Lab 2

Due: 02/15

Advanced Object-Oriented Concepts.

Objectives

  • 5 Points - Design an interface
  • 12 Points - Implement an inheritance hierarchy
  • 3 Points - Use anonymous classes

Description

In this assignment we develop a class that stores text documents and classes that implement operations on such text data. For that first design a class TextDoc which store a text document which is essentially a String. The constructor of TextDoc should take a String with the documents text:

public TextDoc(String content);

The class should also implement a method getContent which returns the content of the document as a String.

Design an interface

We want to implement multiple text manipulation operations that work on text stored using our TextDoc class. We want to be able to apply any sequence of operations to a TextDoc object using method chaining (explained below). For that you should

  • design an interface TextOp to be implemented by any text mainpulation operation which has a single method apply which takes a document as an input and returns the result of applying the operation to the document.
    public TextDoc apply(TextDoc input)
    
  • extend the TextDoc class with a method transform which takes a TextOp as input, applies it to the object, and returns the modified document
    public TextDoc transform(TextOp operator)
    

By letting transform return a TextDoc we can chain several operations together without the need to use temporary variables to store the result of each operation. This is called method chaining. Say we have three references o1, o2, and o3 to instances from classes that implements TextOp that we want to apply to an input document doc. Compare the two code examples below which implement this requirement with and without method chaining.

// with method chaining
TextDoc finalResult = doc.transform(o1).transform(o2).transform(o3);

// without method chaining
TextDoc result = doc.transform(o1);
result = result.transform(o2);
result = result.transform(o3);

Implement an inheritance hierarchy

Given our shiny new interface TextOp, you should implement several text operations.

Some of these operations require overlapping functionality. In this case you should use inheritance to avoid repeated code!

  • UpperCase - turns the whole text into upper case
  • ExtractFirstReturn - returns the first word of the text
  • ExtractNthWord - return the nth word of the text. Parameter n should be given to the constructor of ExtractNthWord
  • ReplaceFirst - replaces the first occurrence of search with replace. search and replace should be passed as parameters to the constructor of ReplaceFirst
  • ReplaceAll - replace all occurrences of search with replace
  • Palindrom - turns a word into a palindrome which is a string which does not change when it is reversed. You should achieve this by reversing the sequence of characters in the document and appending it to the end. For instance, abc the operator returns abccba.

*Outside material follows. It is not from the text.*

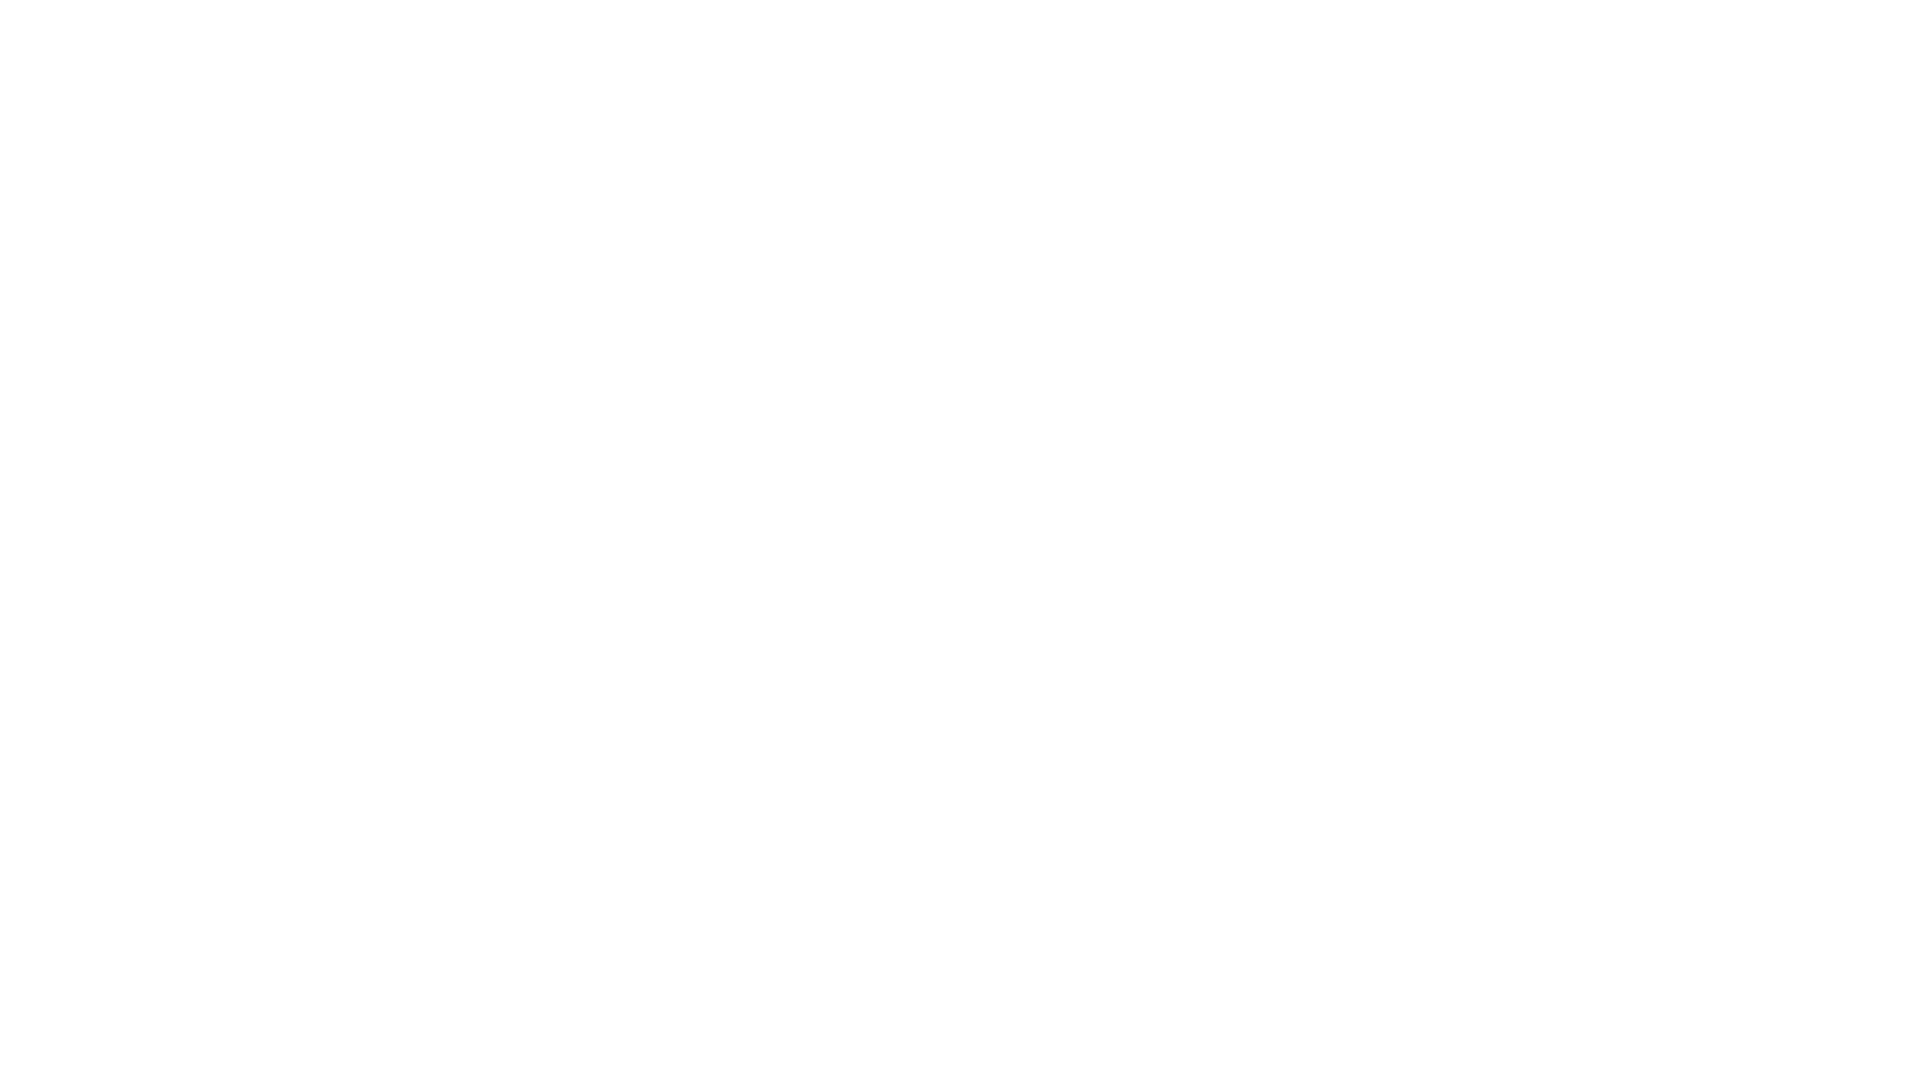 Bridge the gap
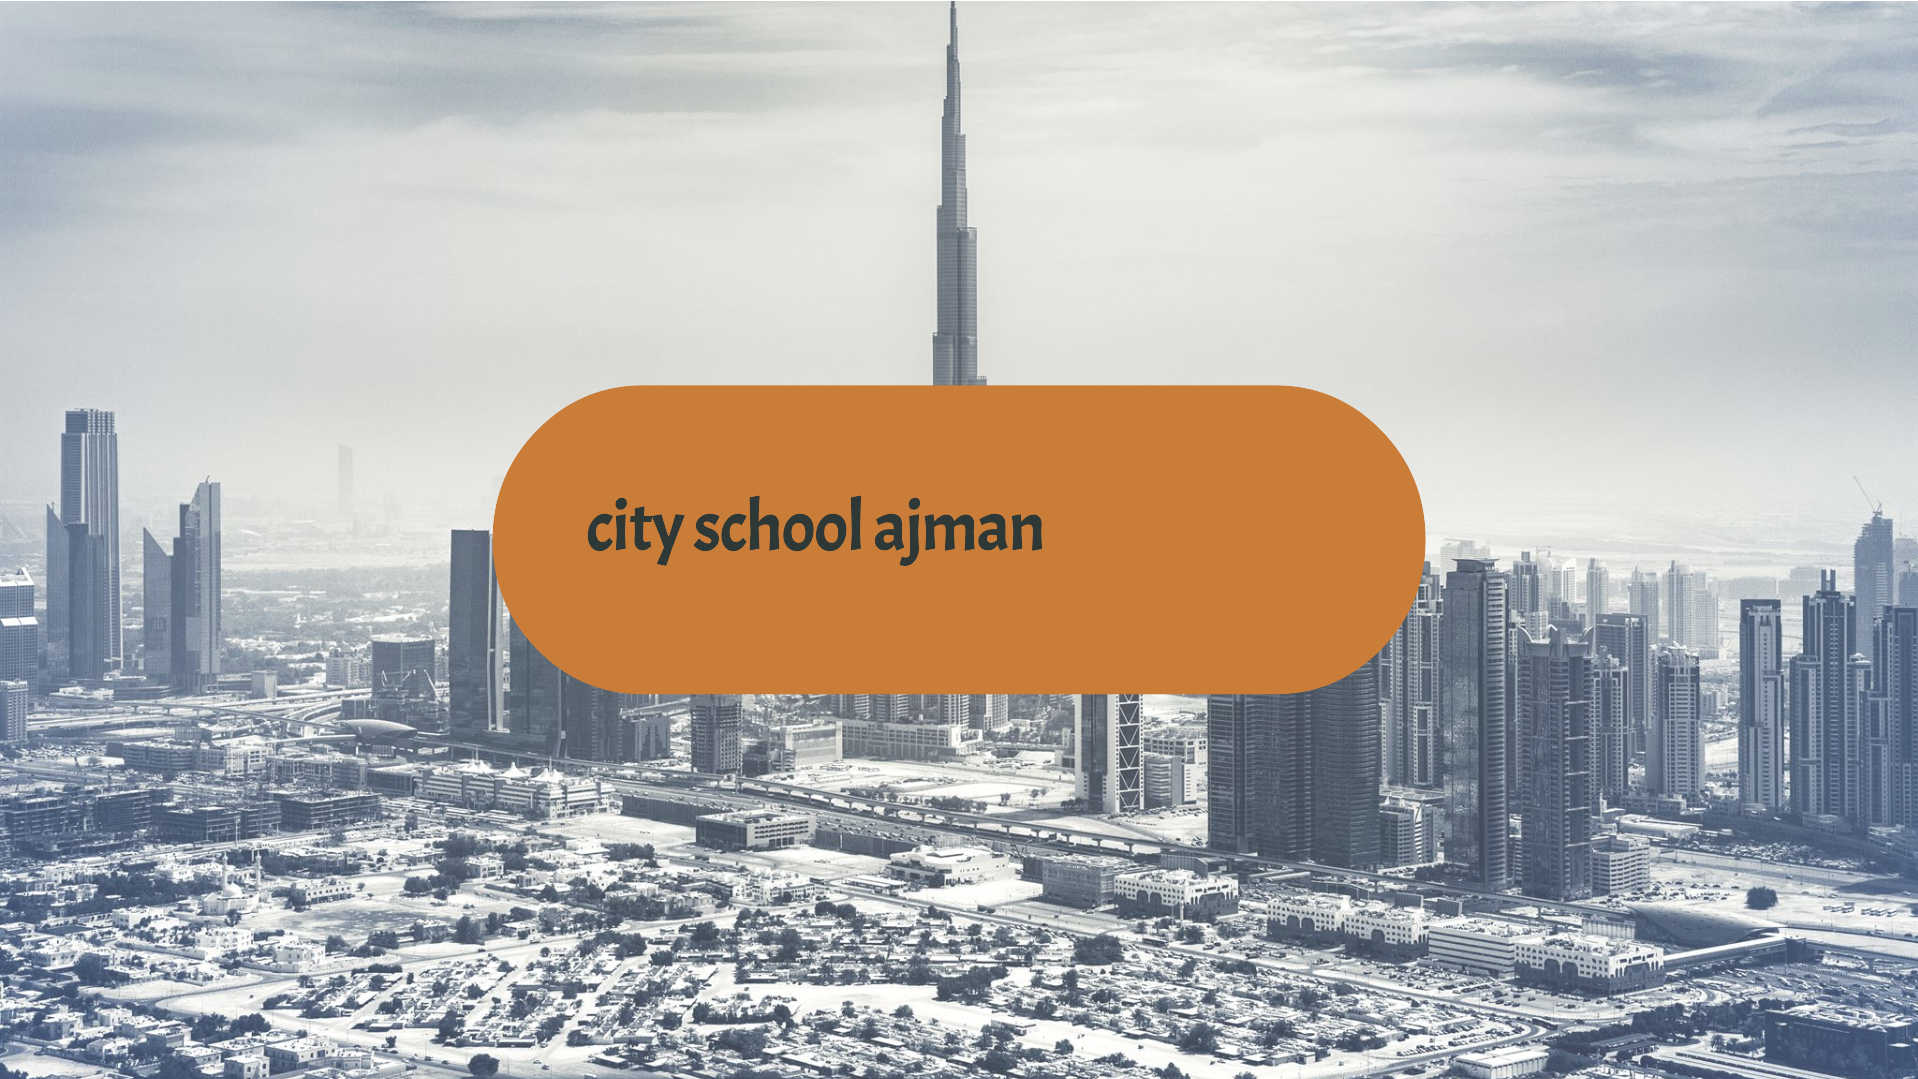 city school ajman

Write a class with a main method that tests these operators. It is up to you to come up with reasonable test cases.

Use anonymous classes

Our TextOp transformations lend themselves to the use of anonmous class. Consider the case where we want to define one-off transformations. It would be excessive to create class files for such operations. In this task we write a class AnonTest which has a main method that creates sample text document (any text you like), prints the content of this text document, and then applies a TextOp that is defined using an anonymous class. The TextOp should remove delete the first 3 characters of the input document.